Nestlé e Heks têm posições divergentes quanto ao acesso à água. Keystone

Eleito para o conselho da Heks (entidade da Igreja Protestante que apóia 290 projetos sociais em 45 países), o diretor-geral da Nestlé suíça, Roland Decorvet, causa irritações com declarações provocativas.

Do escândalo do leite em pó ao caso de espionagem: ONGs e entidades filantrópicas ligadas à Igreja critacam a Nestlé, que atua no mercado de água enquanto a Heks é contra a privatização da água.

O potencial de conflito entre a multinacional e a entidade filantrópica fica evidente no caso do ativista brasileiro Franklin Frederick, que luta contra a privatização da água com a ajuda da Igreja suíça e brasileira.

Recentemente, tornou-se público que Frederick foi atingido pelo caso de espionagem da Attac do estado de Vaud (oeste da Suíça) pela Nestlé (veja a reportagem “A Nestlé e o ‘James Bond brasileiro'” ao lado).

Críticos temem que, com a eleição de Decorvet, a Heks fique com as mãos amarradas e não possa mais se engajar, por exemplo, pelo acesso à água. Decorvet jogou lenha na fogueira.

Em uma entrevista ao jornal Reformierte Presse, ele disse que a Nestlé é “a melhor organização de apoio ao desenvolvimento que existe”. Ele classificou os críticos de “um pequeno grupo de pessoas da Igreja, politicamente situado na extrema esquerda e que faz muito barulho”.

Representantes da Igreja pedem renúncia



A base da Igreja está indignada. Na terça-feira (2/12), pela primeira vez um parlamento cantonal (estadual) da Igreja – o sínodo das Igrejas Reformadas de Berna, Jura e Solothurn – discutiu o assunto.

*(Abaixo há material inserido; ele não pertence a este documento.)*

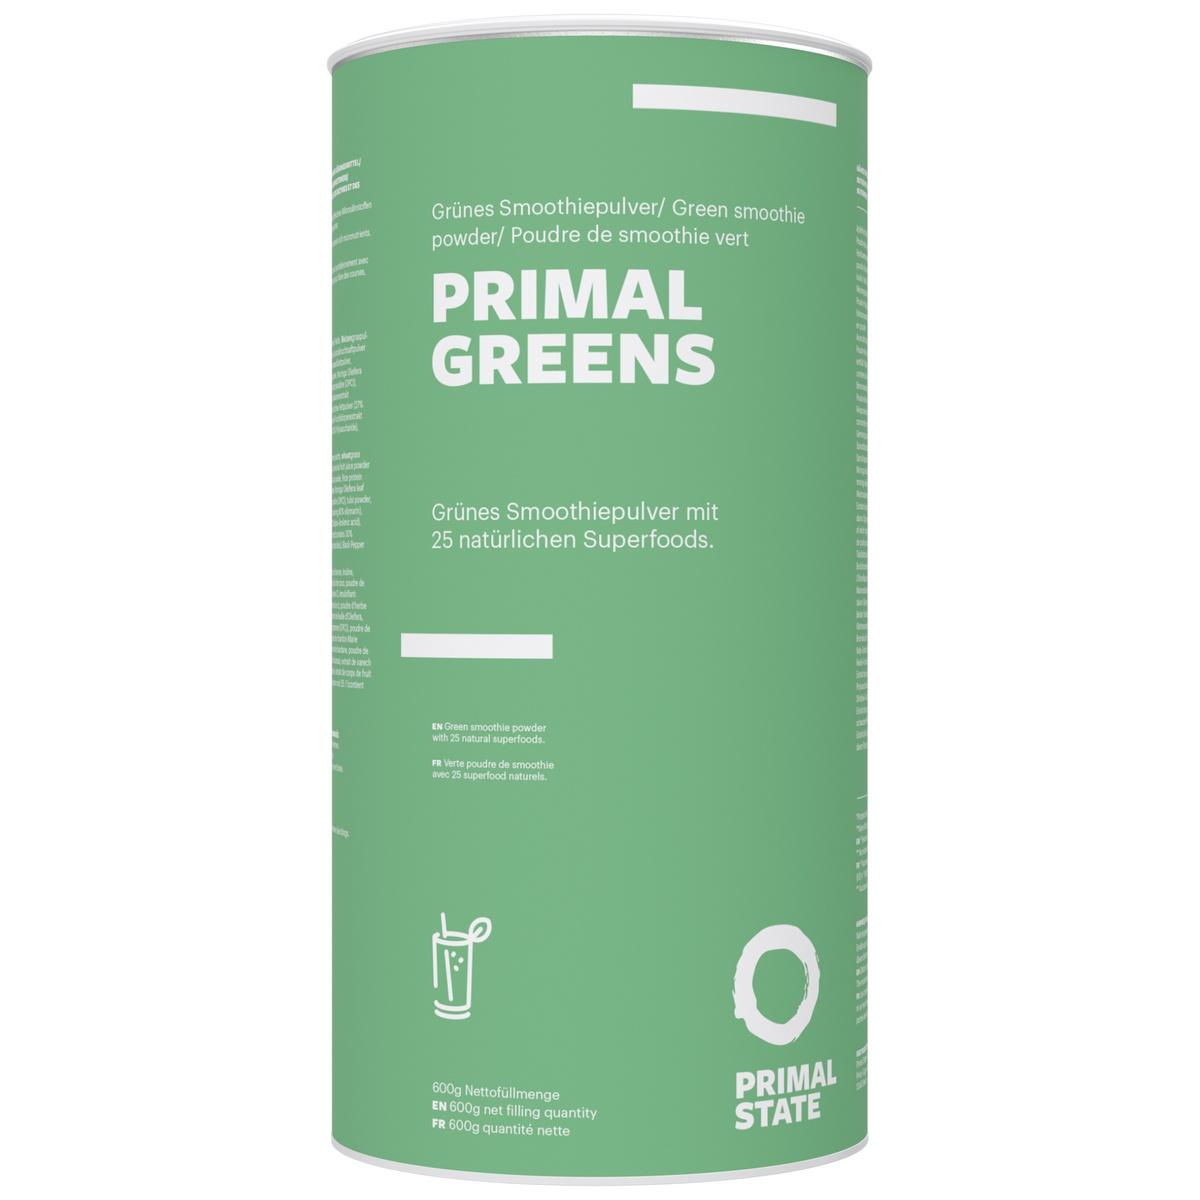 Grüne Smoothies – Für Unterwegs grünes Smoothie Pulver und Rezepte

O Conselho Sinodal (Executivo) posicionou-se claramente ao lado dos críticos. “A eleição de Decorvet para o Conselho da Fundação da Heks pode levar a conflitos de interesse”, respondeu o órgão a uma interpelação. “A Nestlé é uma empresa com fins lucrativos e, com isso, não persegue os mesmos objetivos de uma organização de ajuda ao desenvolvimento”, acrescentou o conselho.

O nome da Nestlé teria aparecido freqüentemente vinculado a problemas. Assim, a multinacional suíça teria transgredido leis trabalhistas na Colômbia e a legislação local no Brasil, sem falar do caso de espionagem.

Num debate do “parlamento” da Igreja de Berna, solicitado por 93 representantes, também dominaram as vozes críticas. “Pedimos a renúncia do senhor Decorvet do Conselho da Fundação da Heks”, disse Irene Meier-de Spindler.

“Trata-se de uma questão de credibilidade da Heks”, advertiu um outro representante. Alguns ameaçaram claramente não mais recomendar a obra filantrópica para doações.

Uma carta enviada nos últimos dias pela Heks a representantes da Igreja não calou os críticos. “O fato de o Conselho da Heks ver a necessidade de se distanciar das declarações de Decorvet é um indício de que ele é o homem errado”, opina o pastor Jacob Schädelin.

Posição da Heks



A Heks afirmou na carta, que os temores dos críticos são infundados. “A cooperação para o desenvolvimento só pode ser eficiente e sustentável, se pessoas desfavorecidas forem apoiadas na luta por seus direitos. Absolutamente nada muda nisso com a presença de Roland Decorvet no Conselho da Fundação.” A Heks lembra, segundo o código de conduta de organizações sem fins lucrativos, entre outras coisas, um membro do Conselho da Fundação é obrigado a renunciar se houver um conflito de interesses.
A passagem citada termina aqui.